-- Problem to solve --
Using the listing below, print the line containing "Projet Oasis –", the line containing "Milan 2 Sara", and each line between them, exactly and nothing else. Pictures stay out of the print.

*** Opening Exercise materials ***

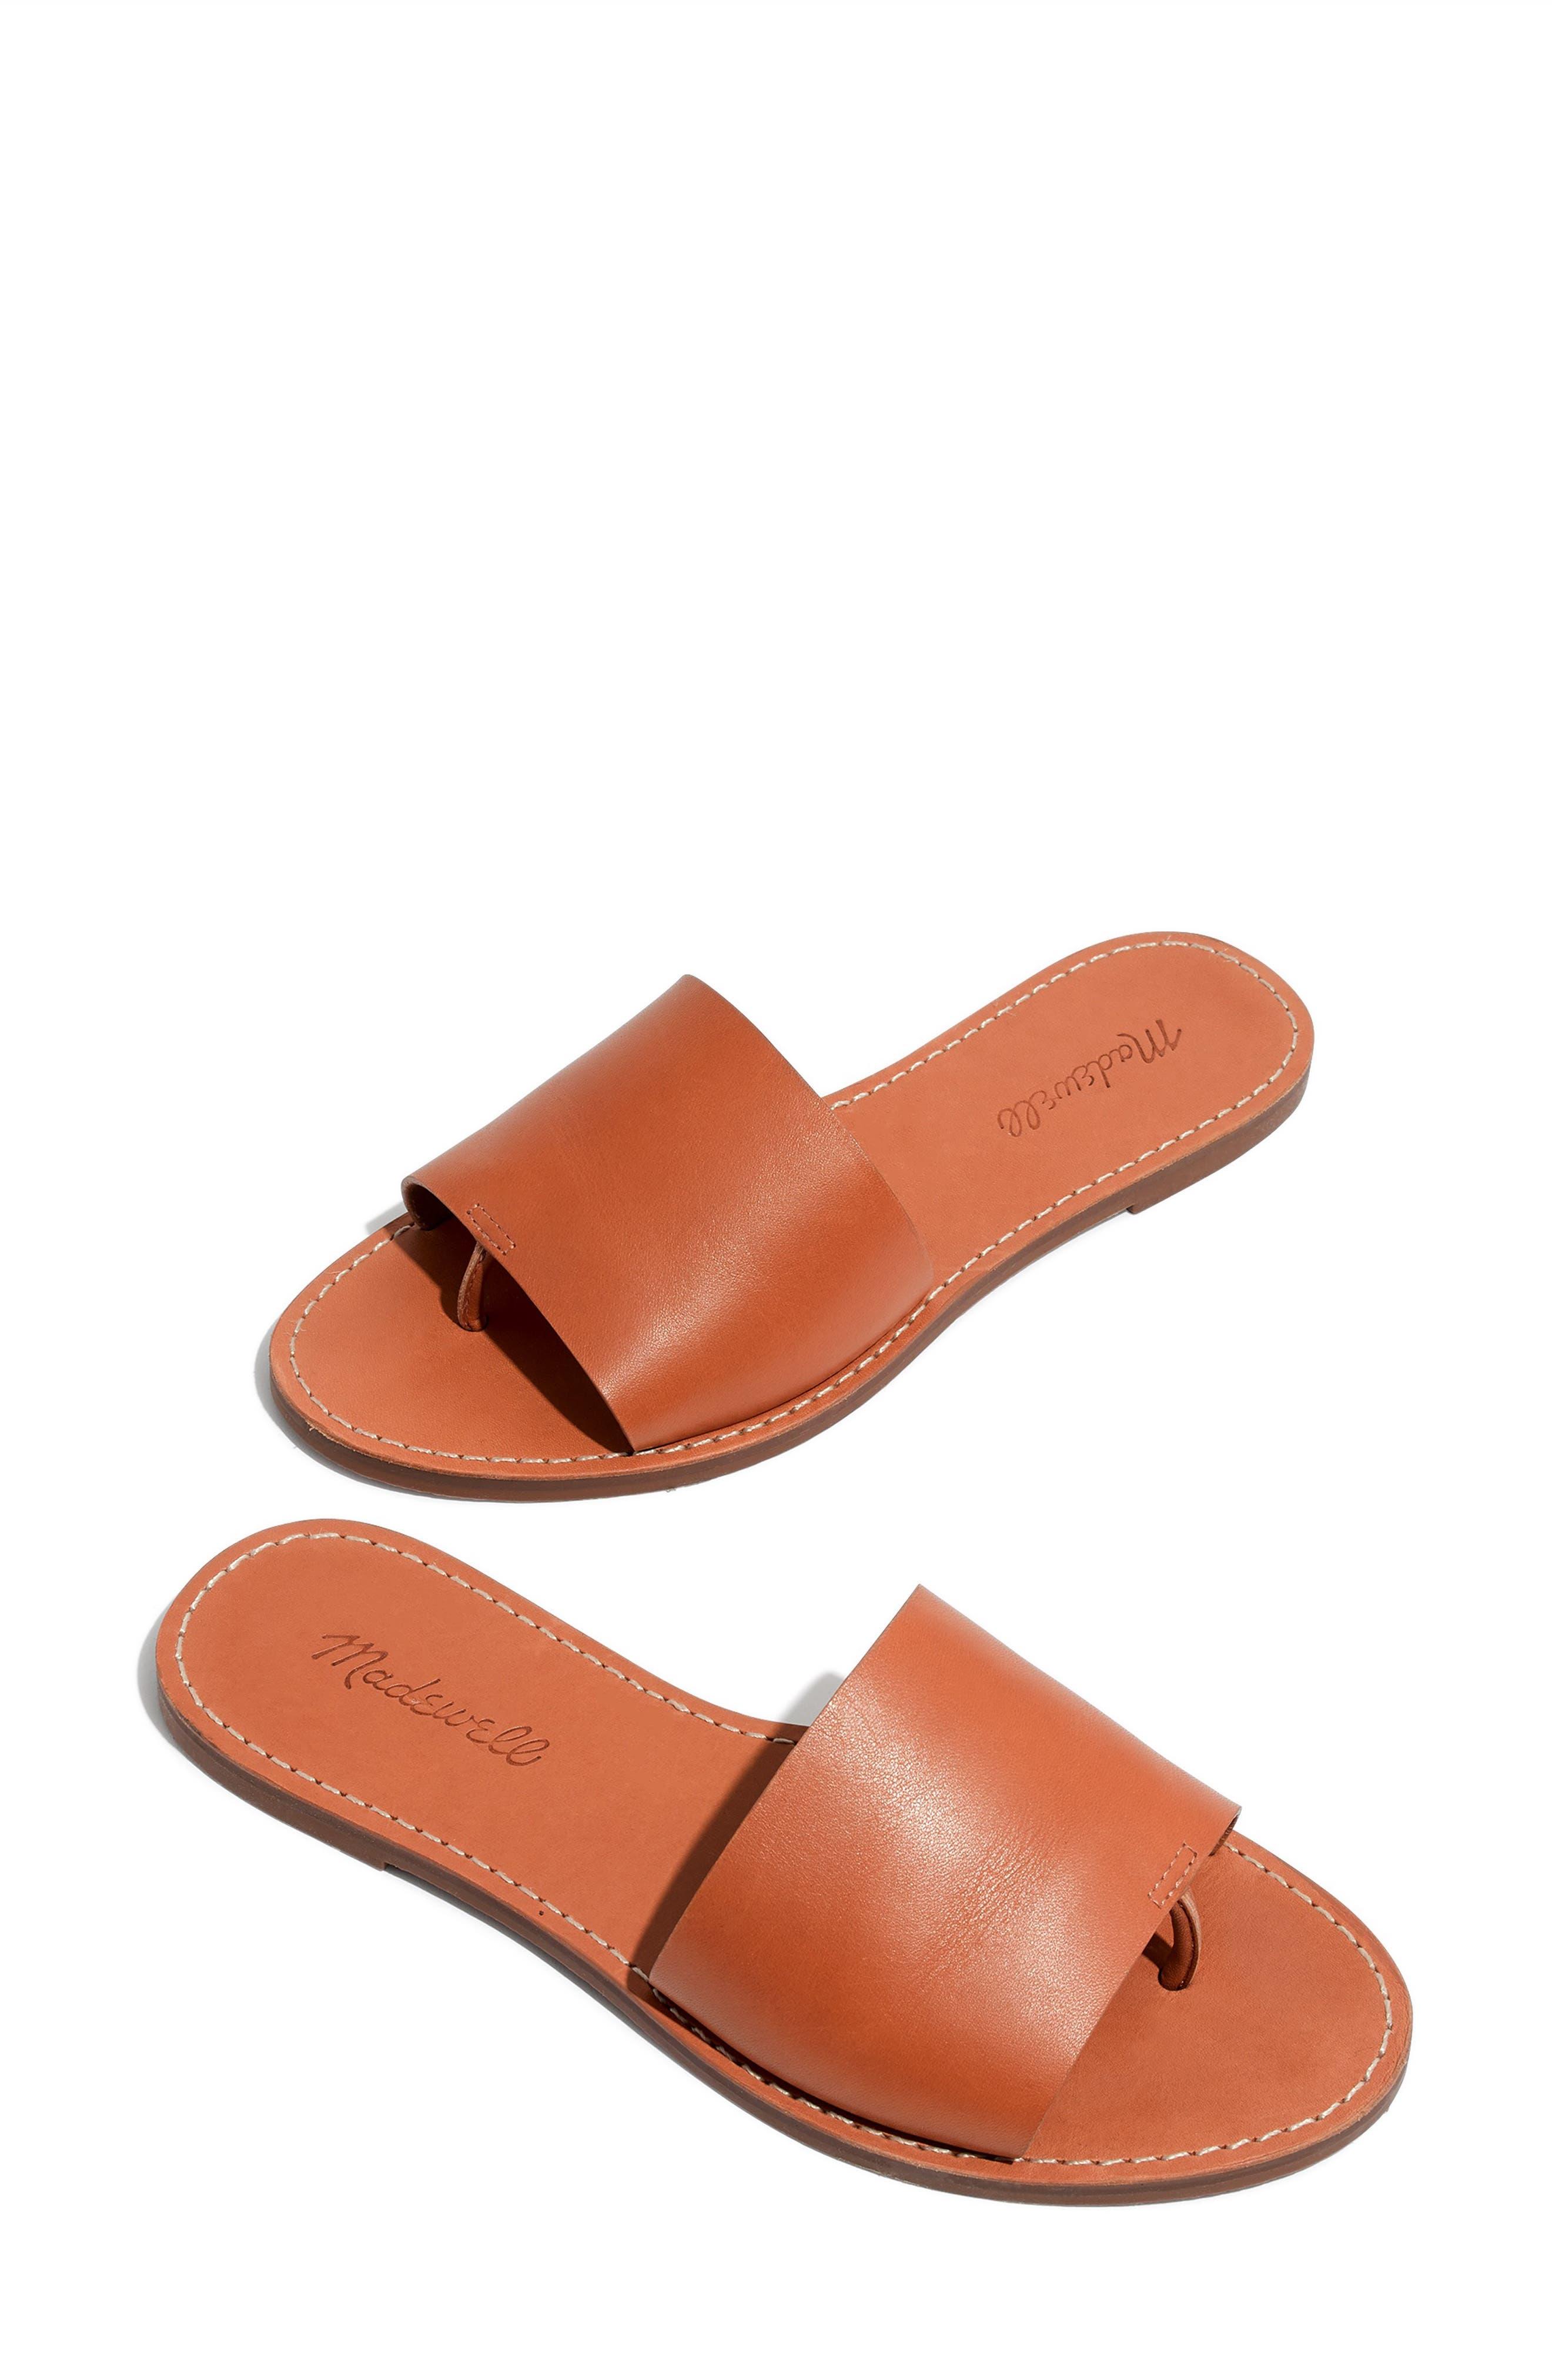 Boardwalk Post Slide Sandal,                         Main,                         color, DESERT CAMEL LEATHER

*** Closing Exercise materials ***
*** Opening Exercise materials ***

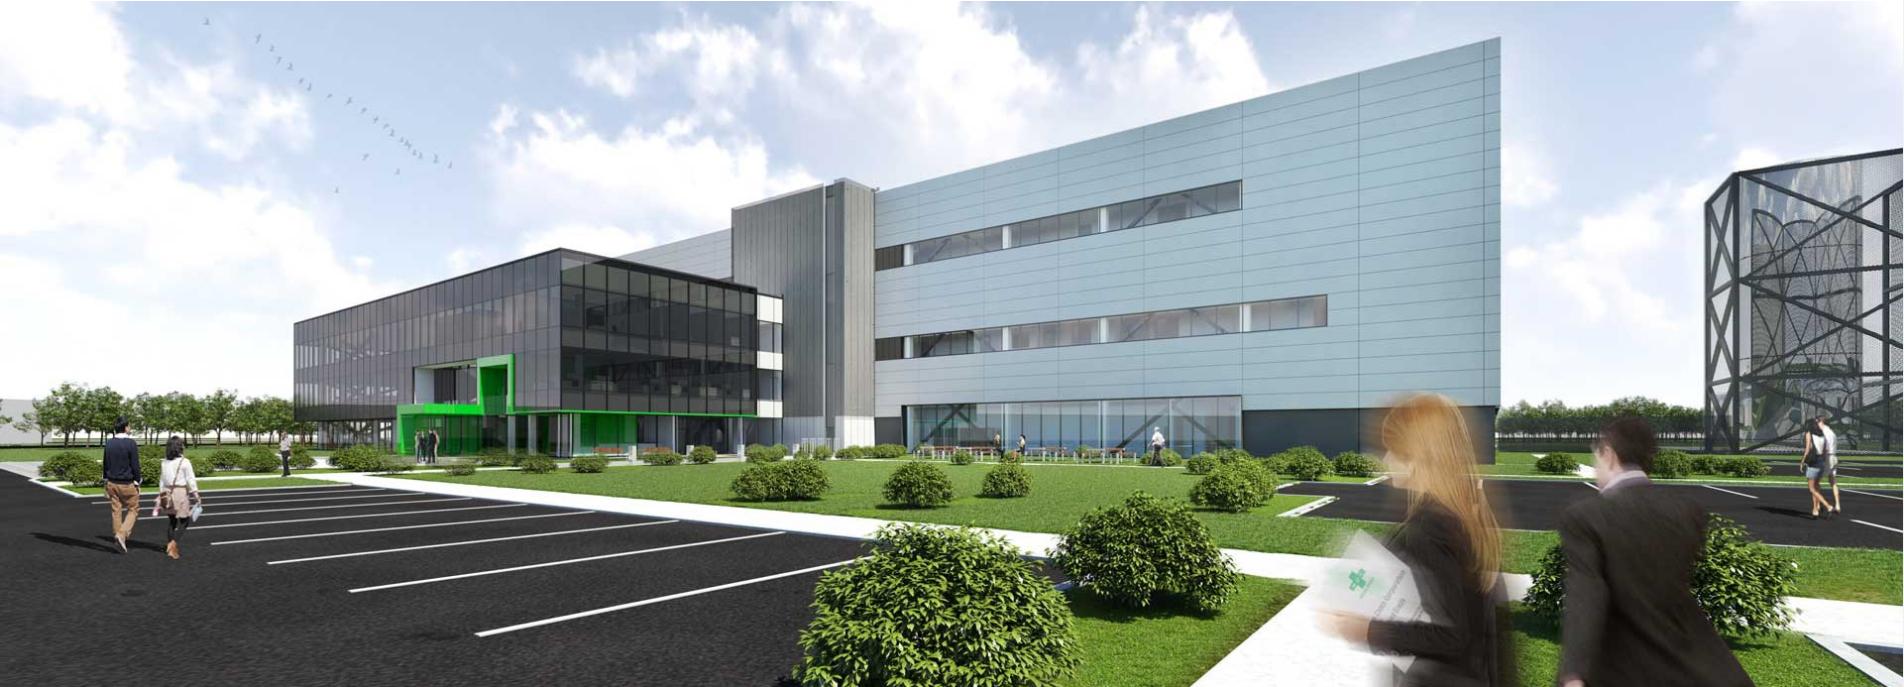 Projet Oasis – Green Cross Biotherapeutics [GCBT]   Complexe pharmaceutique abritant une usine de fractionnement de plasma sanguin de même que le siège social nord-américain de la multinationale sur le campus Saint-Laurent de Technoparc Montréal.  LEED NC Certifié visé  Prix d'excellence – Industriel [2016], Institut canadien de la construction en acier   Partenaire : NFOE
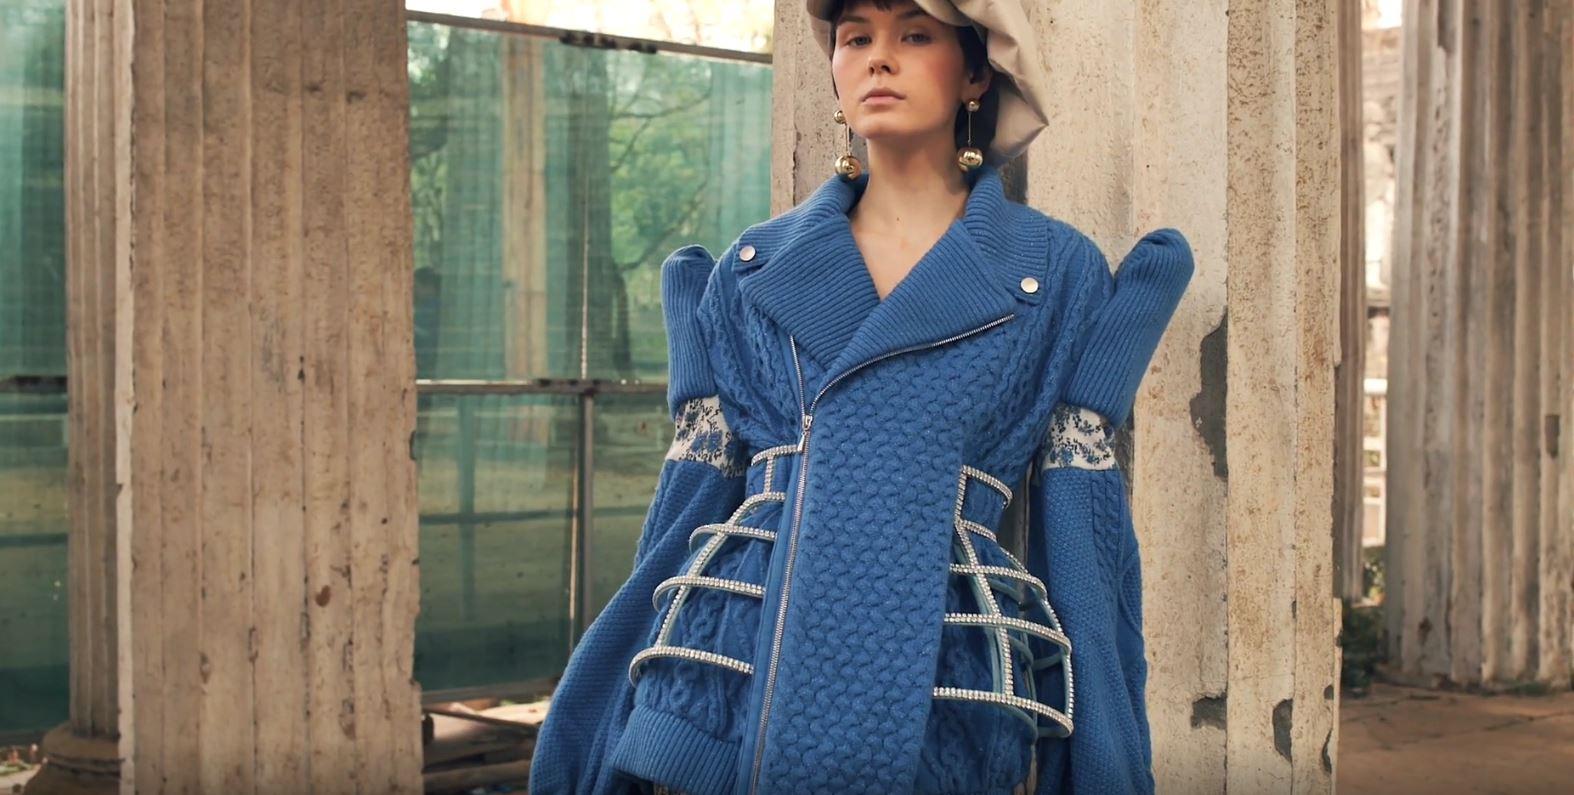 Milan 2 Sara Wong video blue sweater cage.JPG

*** Closing Exercise materials ***

-- Answer section --
 Projet Oasis – Green Cross Biotherapeutics [GCBT]   Complexe pharmaceutique abritant une usine de fractionnement de plasma sanguin de même que le siège social nord-américain de la multinationale sur le campus Saint-Laurent de Technoparc Montréal.  LEED NC Certifié visé  Prix d'excellence – Industriel [2016], Institut canadien de la construction en acier   Partenaire : NFOE
 Milan 2 Sara Wong video blue sweater cage.JPG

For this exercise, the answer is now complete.